START Exercise inputs
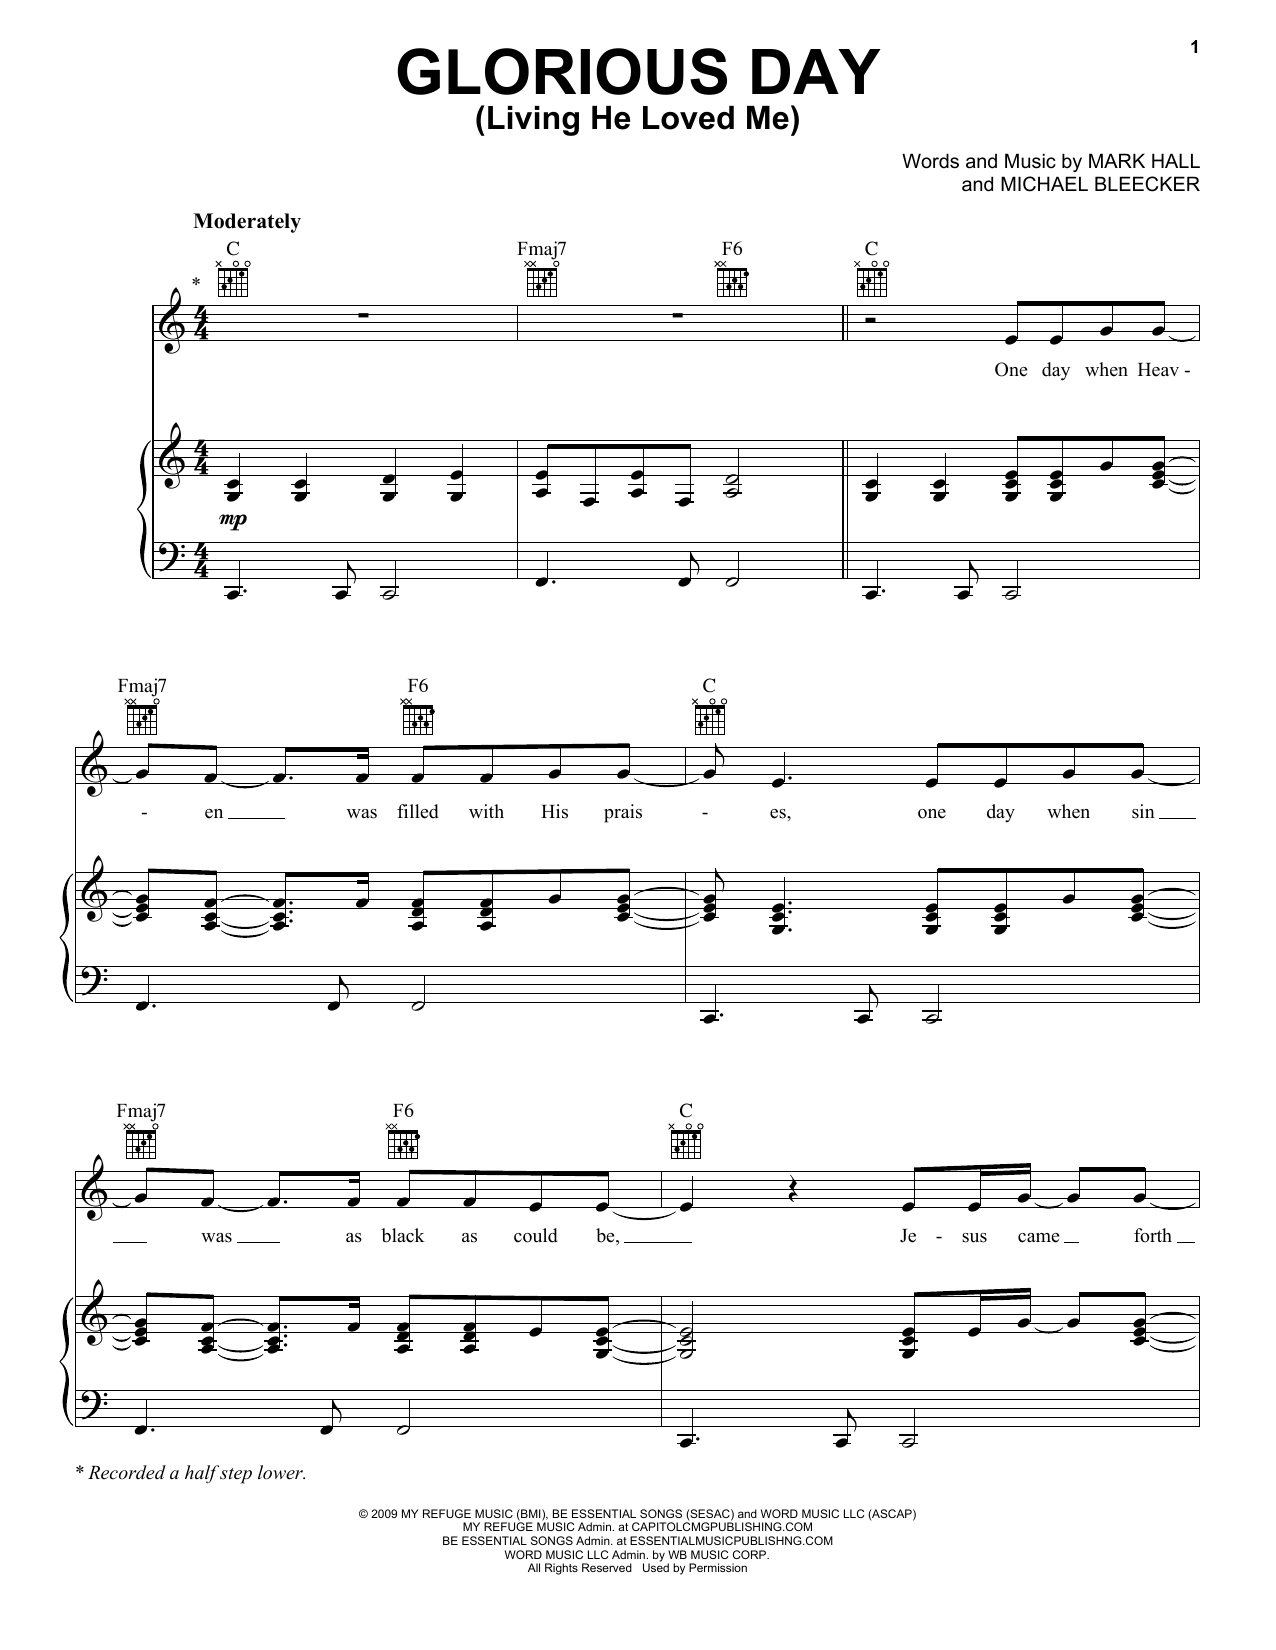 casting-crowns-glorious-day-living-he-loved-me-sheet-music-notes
END Exercise inputs
START Exercise inputs
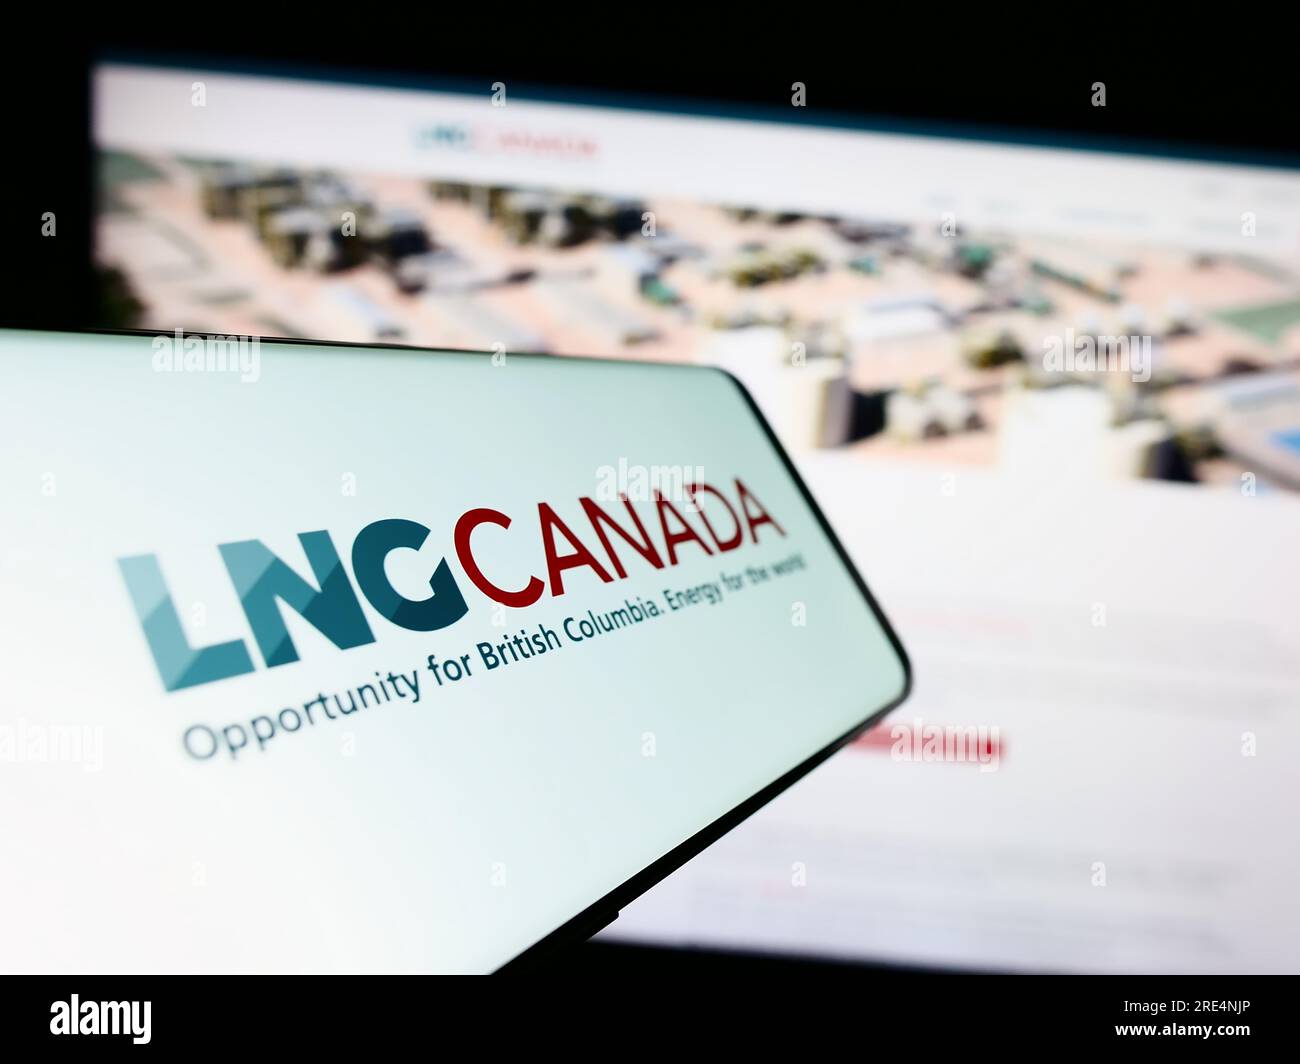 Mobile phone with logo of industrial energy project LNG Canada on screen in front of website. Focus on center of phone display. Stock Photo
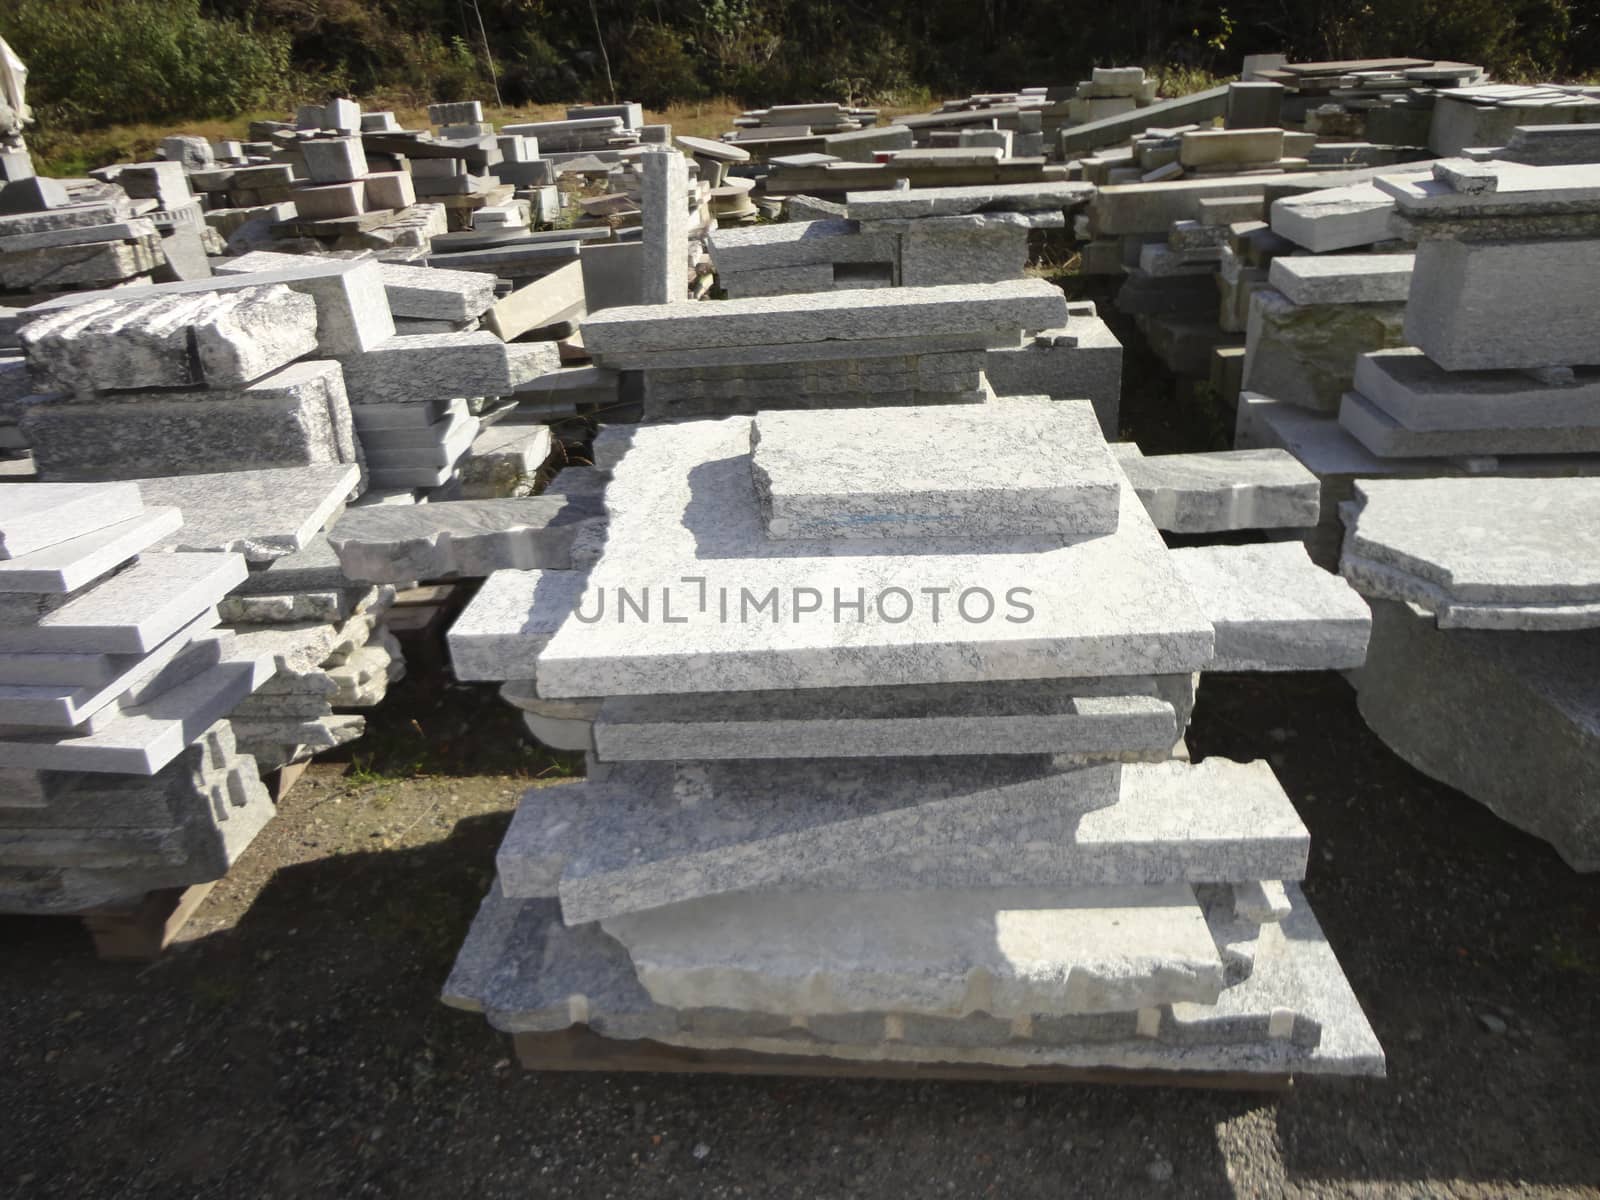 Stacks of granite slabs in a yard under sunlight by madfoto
END Exercise inputs
START Exercise inputs
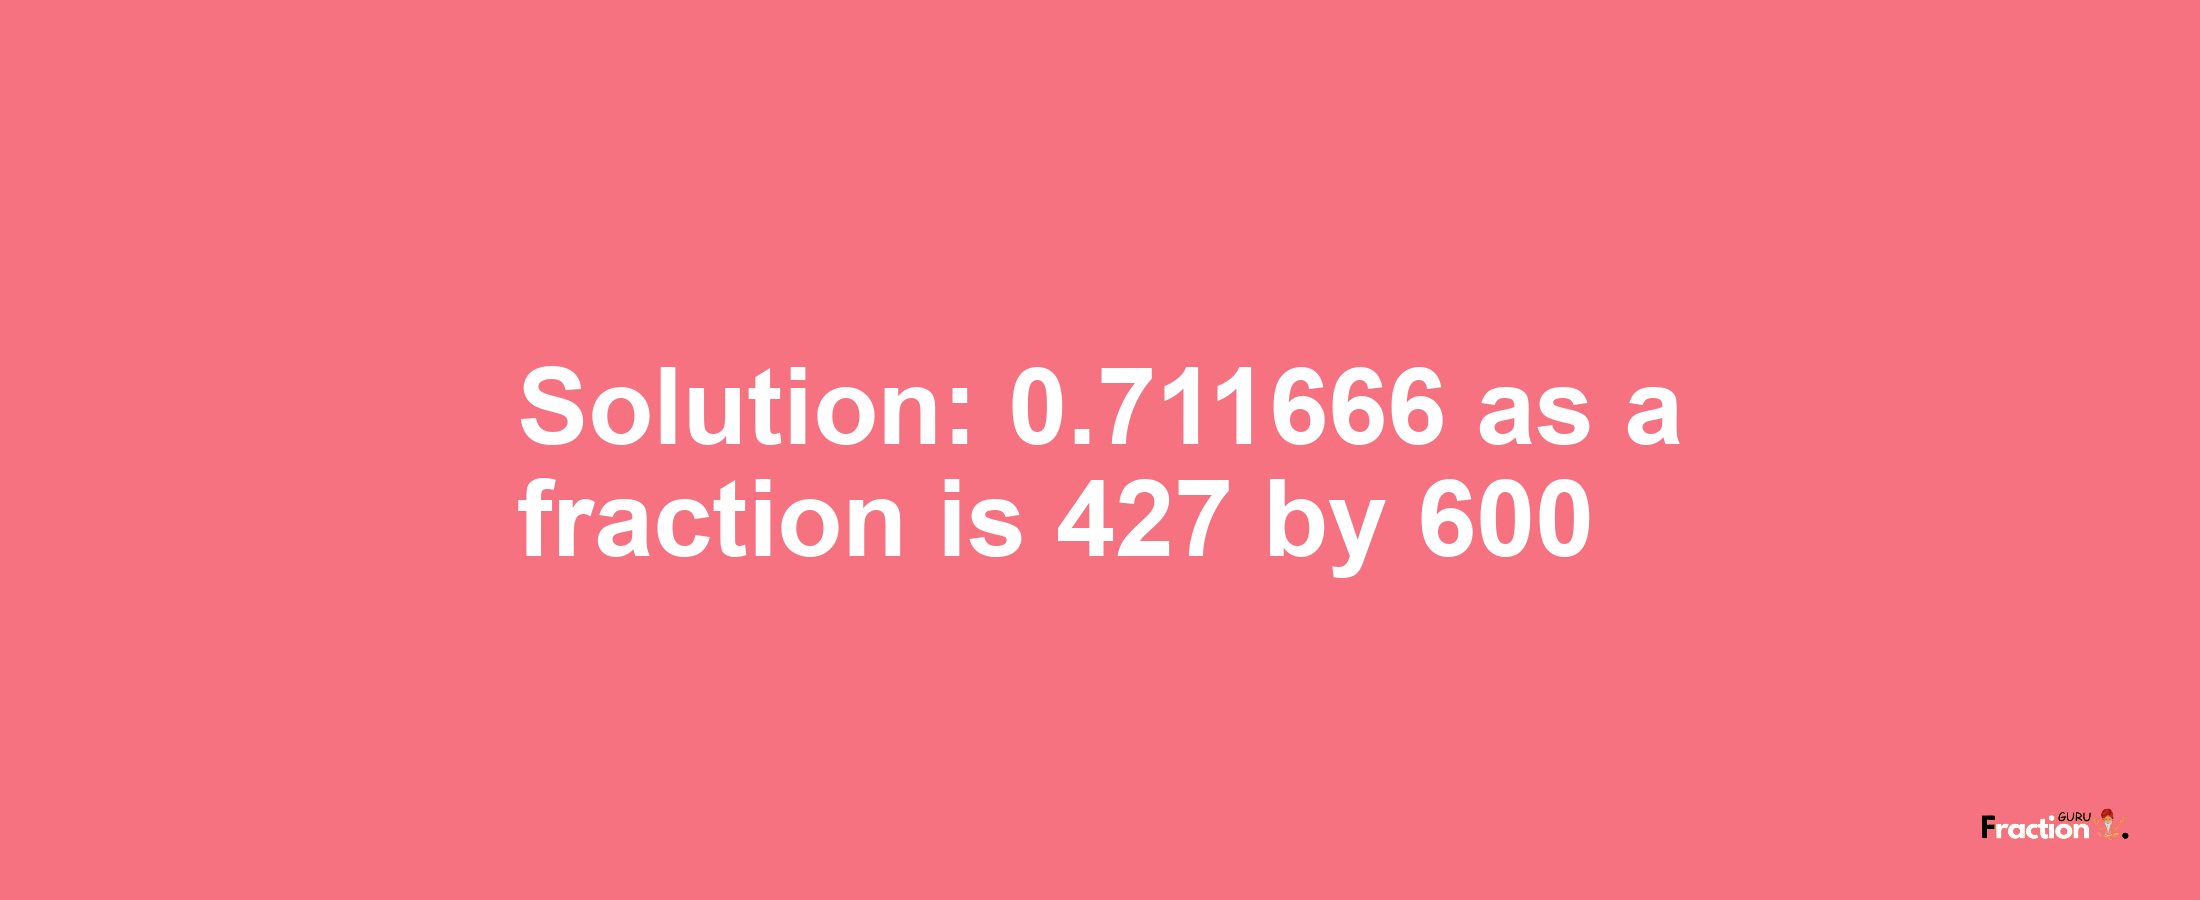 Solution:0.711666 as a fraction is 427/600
END Exercise inputs
To do:
Pictures in the material above should be skipped; print exactly the lines from the one with "Mobile phone with" through the one with "Stacks of granite".

Result below:
 Mobile phone with logo of industrial energy project LNG Canada on screen in front of website. Focus on center of phone display. Stock Photo
 Stacks of granite slabs in a yard under sunlight by madfoto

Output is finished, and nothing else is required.